According to sources in Pakistan, Samiullah incurred the wrath of Fazlullah not only for opposing Taliban rule, but Samiullah also challenged Fazlullah to a test of religious faith. Fazlullah declined the challenge and Samiullah taunted him.
Samiullah, his two senior lieutenants, and eight of his followers were killed during a Taliban assault on Dec. 16.
But displaying Samiullah and his aides' mutilated bodies was not enough. The Taliban returned to Samiullah's village, dug up his body, and hanged it in public.
According to sources in Matta, Pakistani troops were nearby during the assault, the displaying of the murdered bodies, and when Samiullah's body was dug up, but refused to intervene.
Samiullah was the first tribal leader in Swat to raise a lashkar, or tribal army, to oppose the Taliban. Samiullah claimed to have organized more than 10,000 tribesmen to oppose the Taliban and protect 20 villages.
He did so when Swat was at its darkest and the Taliban seemed unstoppable. The military offensive was stalled and the government and military had lost the will to fight. Just three months after Samiullah was killed, the government ceded Swat and much of the northwest to the Taliban in the infamous Malakand Accord.

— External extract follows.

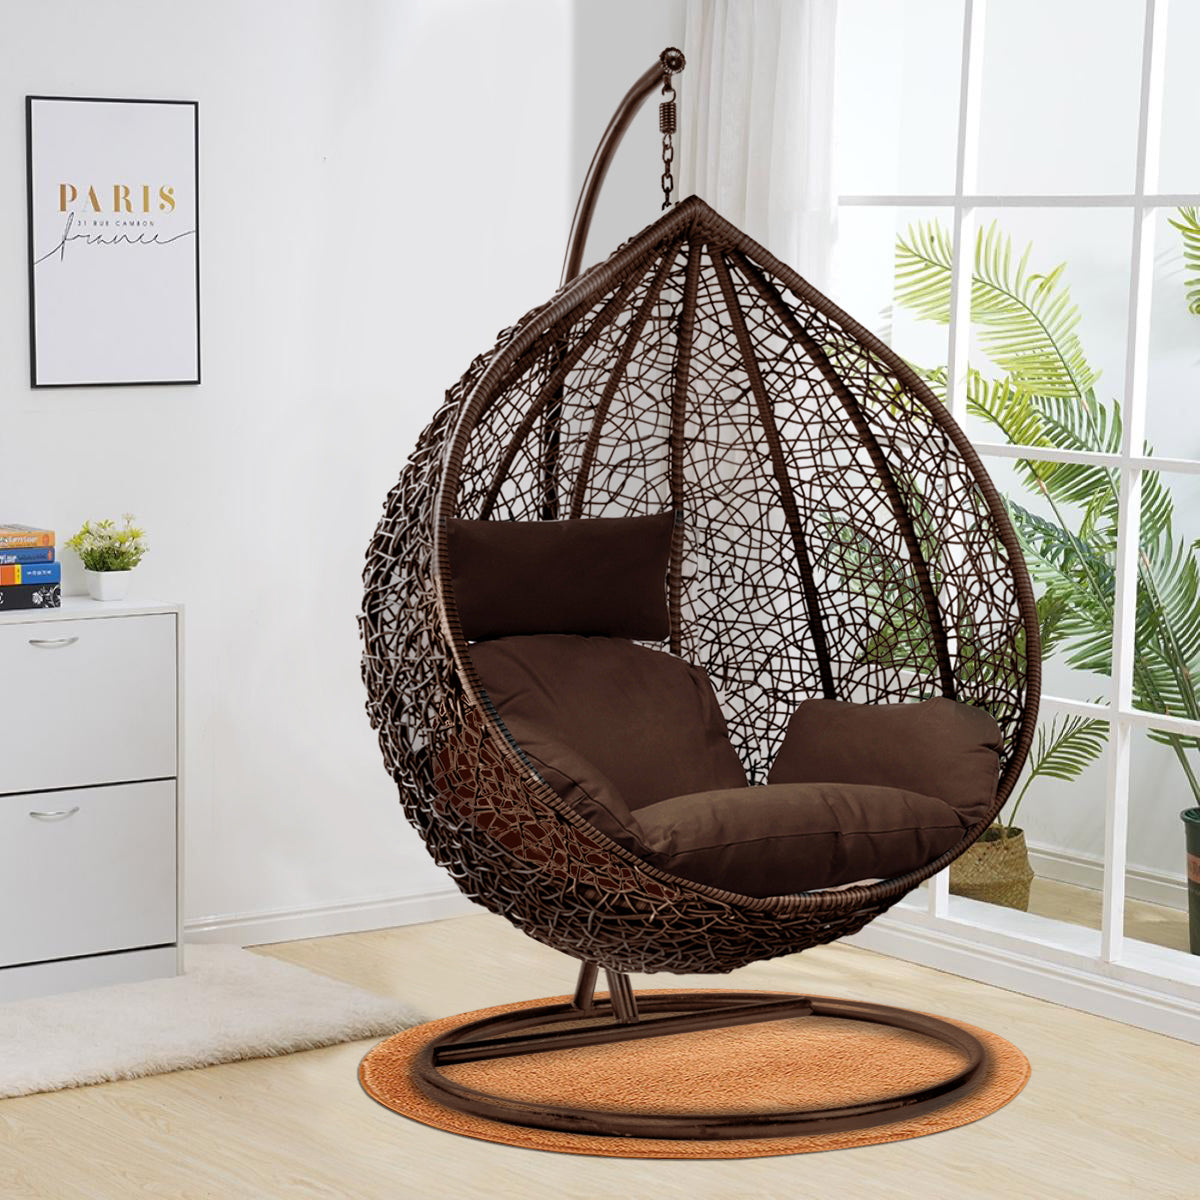 egg chair with legs, garden swing chair, DHS the egg chair, egg hammock chair, basket swing chairs, black egg chair, hanging egg chair with stand, blisswood standing egg chair, outdoor hanging egg chair, garden-line egg chair, outdoor egg chair with stand, egg shell chair swing, egg chair with stand, outdoor egg swing chair

The Pakistani government touted Samiullah's resistance to the Taliban, but refused to provide meaningful support to keep the tribal leader and his followers alive.
Pakistan declares Swat cleared, Fazlullah gravely wounded
In early May of this year, the Pakistani Army launched an operation in Swat and neighboring Buner and Dir after the Taliban sought to build on the gains in Swat and encroach on the districts right outside of Islamabad.
Nine weeks after the operation began, the Army has declared victory and claimed the district has been cleared of the Taliban. The military claimed more than 1,500 Taliban fighters out of the estimated 5,000 to 7,000 thought to be in the area were killed.
Yesterday the government claimed that Fazlullah was seriously wounded during a recent clash. The government has reported Fazlullah killed or wounded several times since the operation began in early May.
Fazlullah and his 20 most senior lieutenants have bounties on their heads for information leading to their capture, but none of those on the list have been confirmed killed or captured.
While efforts to kill or capture the Taliban's senior leaders falter, the government recently released Sufi Mohammed, the pro-Taliban cleric behind the Malakand Accord, who is also Fazlullah's father-in-law. A senior minister in the Northwest Frontier Province said Sufi should be ignored.
"Let Sufi Mohammad be history," said the provincial Minister for Information, Mian Iftikhar Hussain. "His popularity graph has declined and people of Malakand will not trust him anymore."